A 2D HCA of Magainin revealed a distribution pattern of hydrophobic and positively charged residues describing the conserved structural and physicochemical properties of ACAH AMPs (Fig. 5A). Remarkably, we found a strikingly similar 2D pattern by assembling the HCA plots of the flap and motif III of the PGT jaw subdomain close to each other (Fig. 5B). This minimal 2D pattern of the flap and motif III can be found in the HCA plots of the PGT domain in MGTs and class A PBPs (Fig. 4 and Supplementary Fig. 3), suggesting that this possibly could be a minimal structural motif and a physicochemical feature for phospholipid recognition and the neighboring residues in the flap and motif III would help in attaining selectivity or specificity for lipid II substrate. Unfortunately, we could not perform a similar analysis on nisin family due to the presence of lanthionine bridges and several post-translationally modified amino acids, which make it difficult to characterize their physicochemical properties and for 2D HCA analysis.

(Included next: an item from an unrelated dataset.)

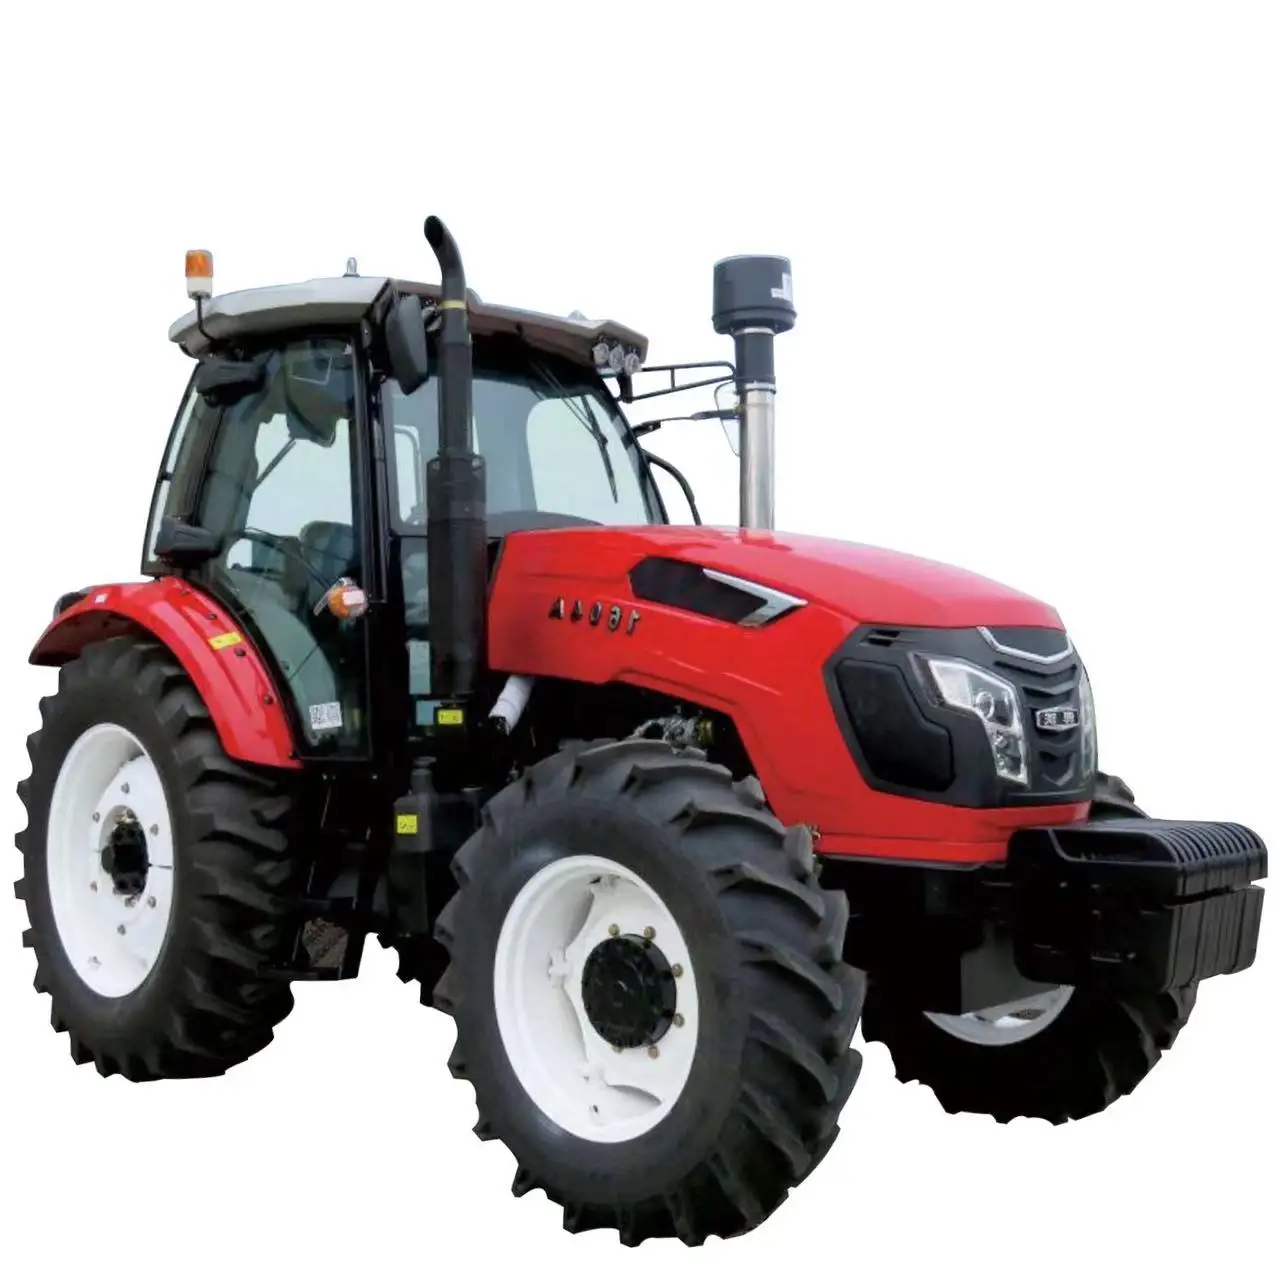 

tolcat Farming 25hp 30hp 35hp 50hp 60hp 70hp 80hp 90hp 100hp farmer agriculture 4x4 mini small 4 wheel agricultural tractor 4wd

3.6. Molecular dynamics analysis of the PGT domain

3.6.1. The flap region is highly dynamic in apo and MoeA-bound simulations

The flexibility of the full-length SaMGT within the membrane was analyzed by measuring the root-mean-square fluctuation (RMSF) of the $\alpha$-carbons throughout the 500 ns simulations. Due to the persistent interactions with phosphate groups within the membrane, most of the jaw subdomain was relatively rigid compared to the more solvent-exposed head subdomain (Supplementary Fig. 4).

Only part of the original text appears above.